Q&A
Krzysztof Honowski
What’s your background?
I was born in the North West of London and grew up in the polish diaspora there. I then studied English Literature, through which I came to be interested in experimental theatre and literature. Almost as soon as I began to make my own bits of theatre or poetry I realised that the only context available for it in the 21st century was in the art world, so after a few years of collaborating with friends in Berlin I went to study at the Slade. By that point, however, I’d put down some roots in Germany and was soon back here working in theatre and opera and studying at the KHM in Cologne. A particular interest of mine is the intersection of psychedelia and postmemory, which is what I am researching at the Academy of Fine Arts in Vienna at present.
What influences you artistically?
I try to read and look at things as widely as possible – whether watching movies, seeing exhibitions, or just out of my window – and wait for something to stick with me. Even when it’s not possible to take things in, let’s say I’m too busy or stressed out (as was the case in the last two years) then I am always listening. Music and the social interactions around it, whether what happens when you go to a club or the rich history of graphic design associated with musical production and its ephemera, are a constant source of energy and inspiration for me.
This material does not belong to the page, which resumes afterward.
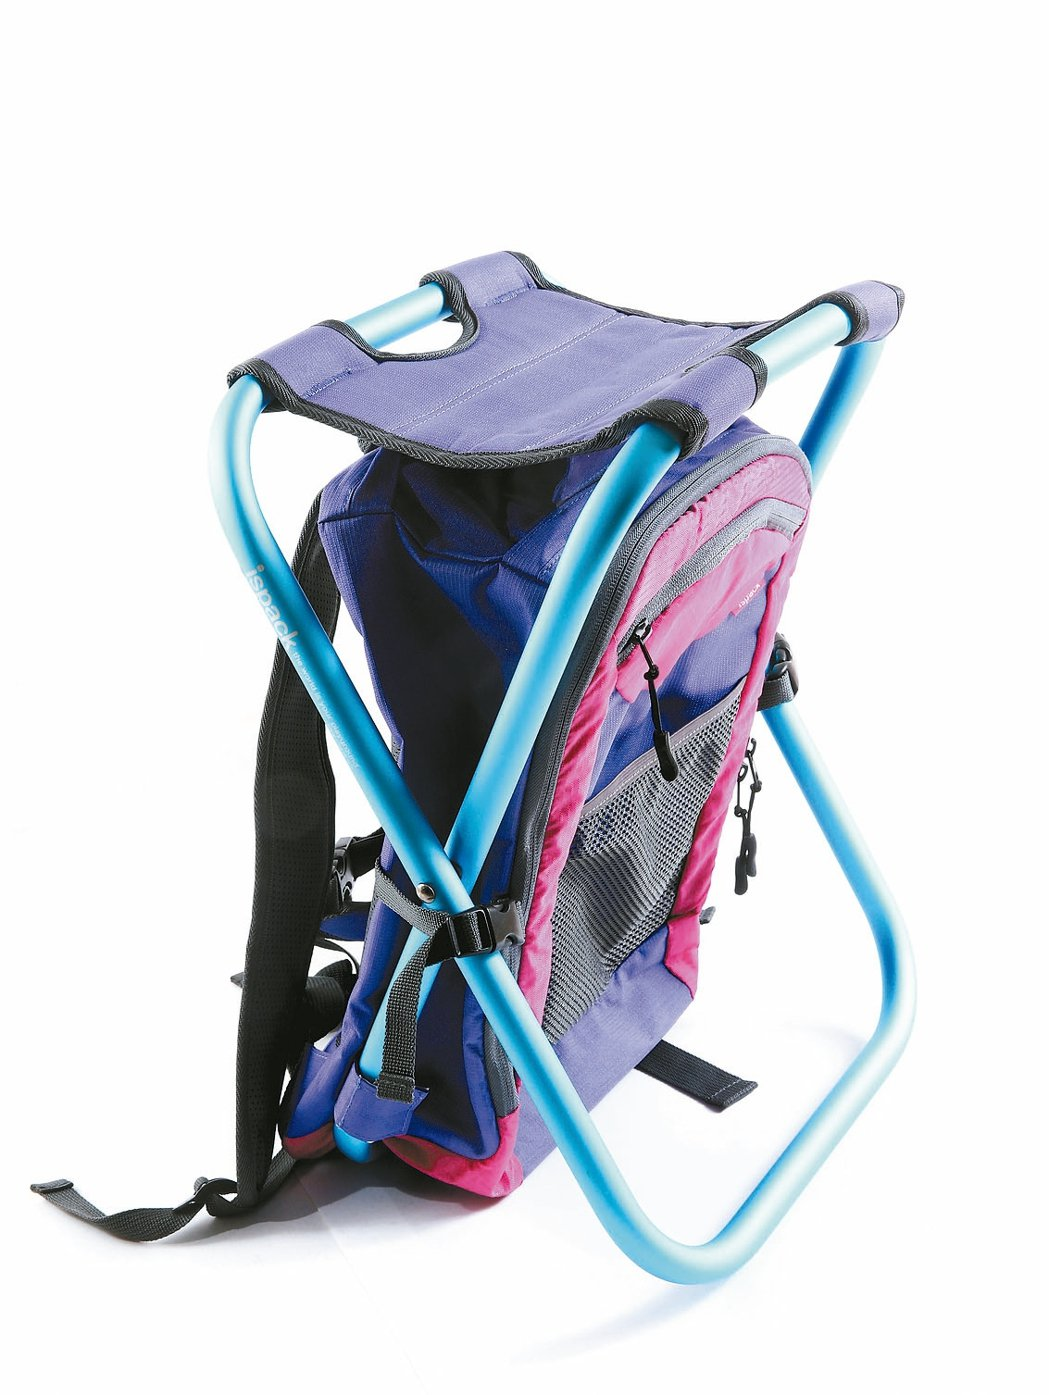 1380g輕量化背包椅。獨特的「隨背隨坐」設計,背到哪坐到哪,隨時可卸下成為一張...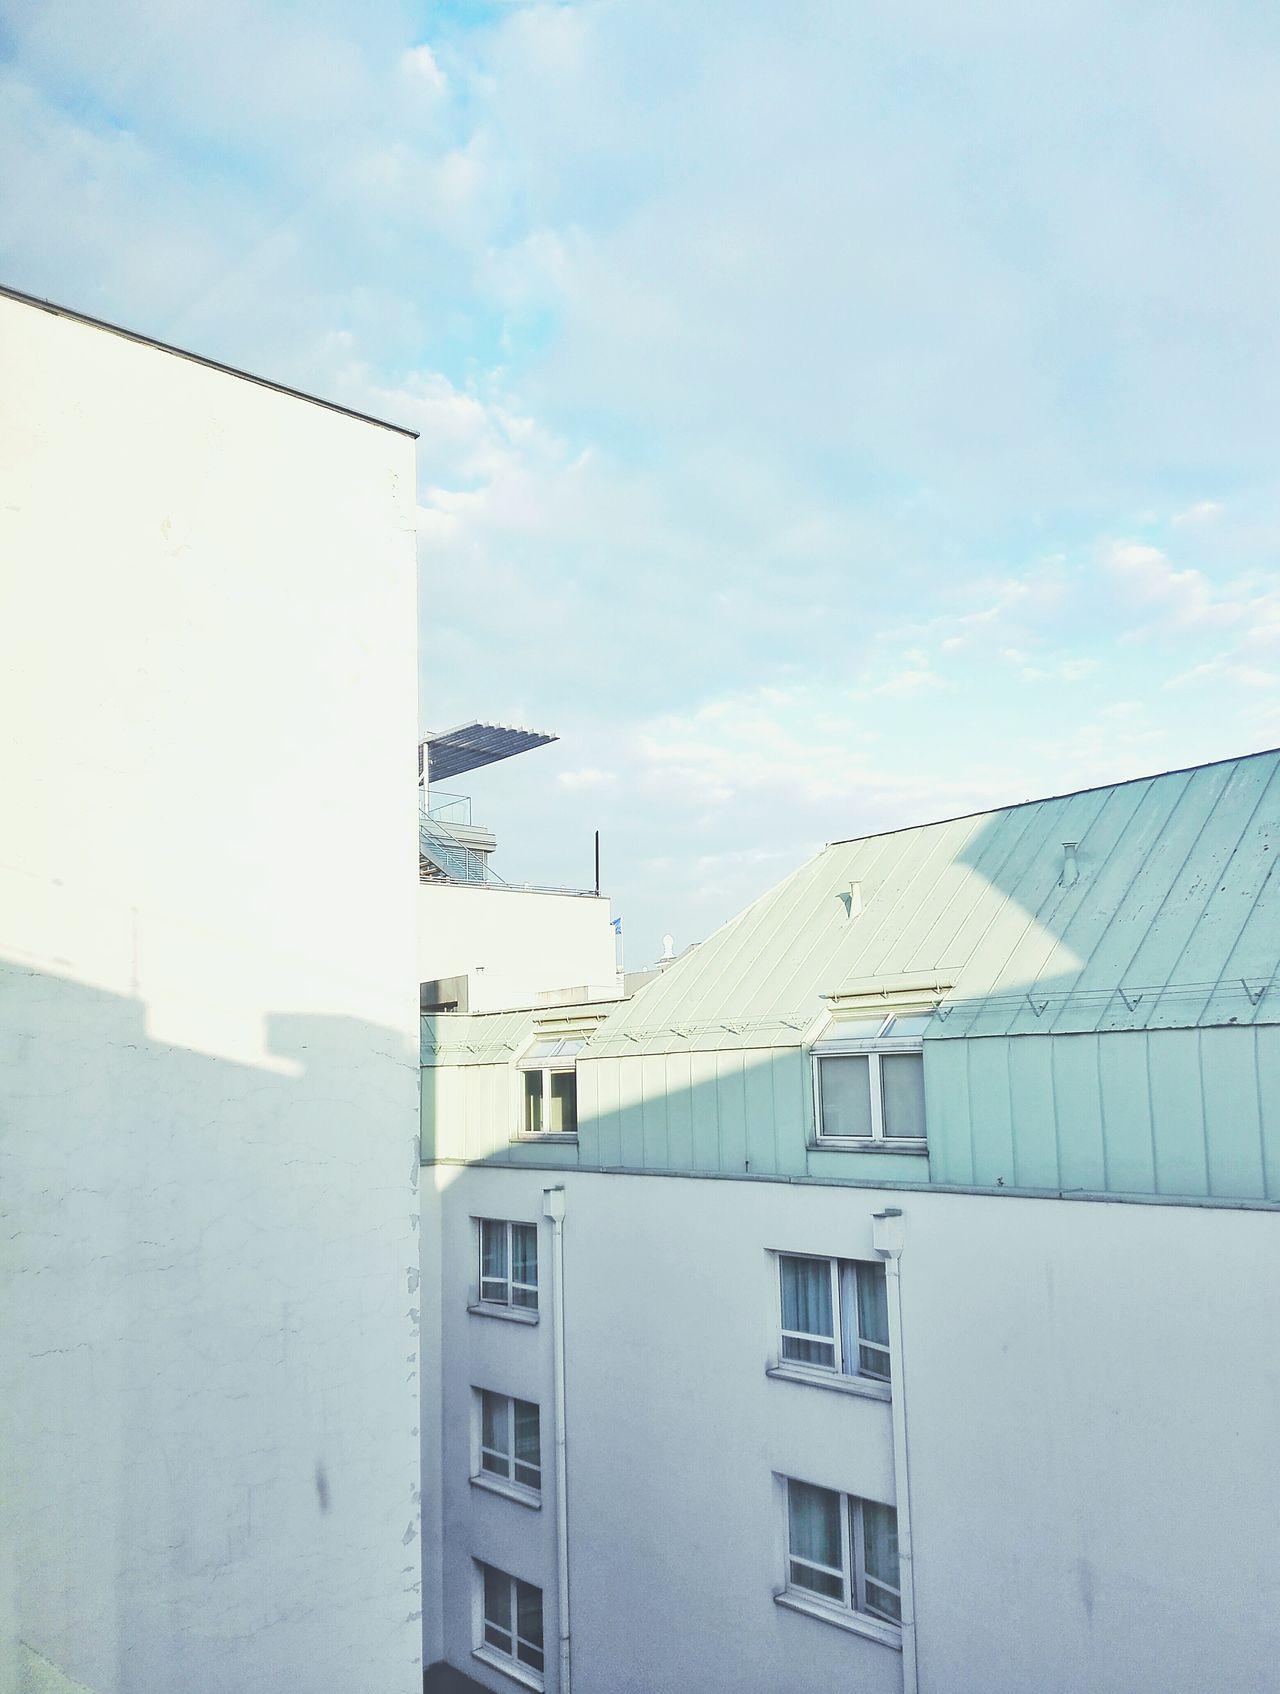 Beautiful stock photos of guten morgen,  Architecture,  Austria,  Building Exterior,  Built Structure

How do you start a new work?
I collaborate extensively with other artists, so I am often on the lookout for a point of interaction or exchange, where I can privilege the voice of others as much as my own. My upcoming documentary works have begun as conversations with friends that have turned into interviews and then films and collages. I try to maintain an archive of images that I have either taken or found and begin by arranging them so as to work out what’s missing. I try to acknowledge unconscious impulses by collaging material impulsively, either as objects in the studio or layers of video material. I then start to cut into these agglomerations, filing them down in a lapidary process, like you would form a precious stone.
What are you working on right now?
Me and Ziemowit Nowak have just completed a film about polish glam rock and its impossibility which we are sending to festivals. Next year I will begin a documentary project about the late French musician Ghédalia Tazartès and present a new performance installation at the Kunstverein Leverkusen together with Laura Sundermann.